Simpler Geospatial Workloads on Postgres: An Elephant of a Story

Feb 8, 2024 8 min read
blog post hero image

In today’s world, geographic data stands out for its ability to apply spatial context to collections of points, transforming them into valuable insights. When properly analyzed, these datasets can facilitate predictive modeling and spatial analytics, aiding in everything from disaster response planning to optimizing delivery routes in logistics.

Working with geospatial workloads is not new to Postgres. In fact, its most popular geospatial extension, and certainly one of the most popular in general, PostGIS, has been around since 2001. However, installing PostGIS, its dependencies, related extensions, and loading it up with data is hard for new users of the extension.
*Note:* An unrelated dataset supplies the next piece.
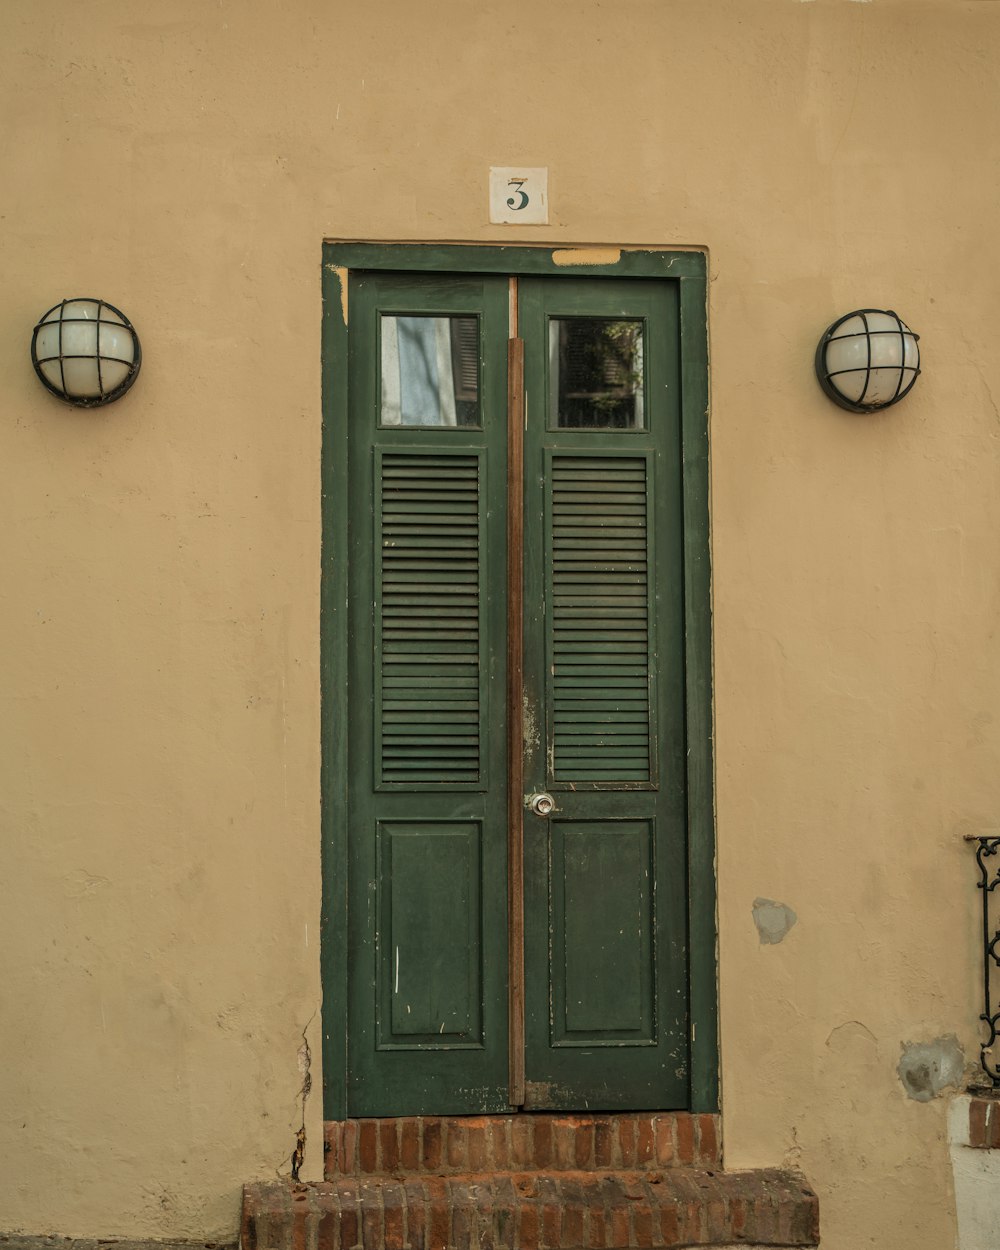 a green door with a number on it

We recently launched the Geospatial Stack to make this easier. The Geospatial Stack is open source and comes pre-packaged with PostGIS and other related extensions, allowing you to perform geospatial analysis without needing to set up another database! You can try it out on your own by using our Kubernetes Operator or deploy it with a single click on Tembo Cloud.

Let’s look at an example of something interesting you could build with Postgres on the Geospatial Stack.

extensions Figure 1. Snapshot of Tembo’s Geospatial Stack extension overview.

Loading elephant tracking data (and geospatial data in general) into Postgres

Since we’re talking about Postgres, we thought an interesting example to explore would be an elephant’s journey through the forests of Côte d’Ivoire.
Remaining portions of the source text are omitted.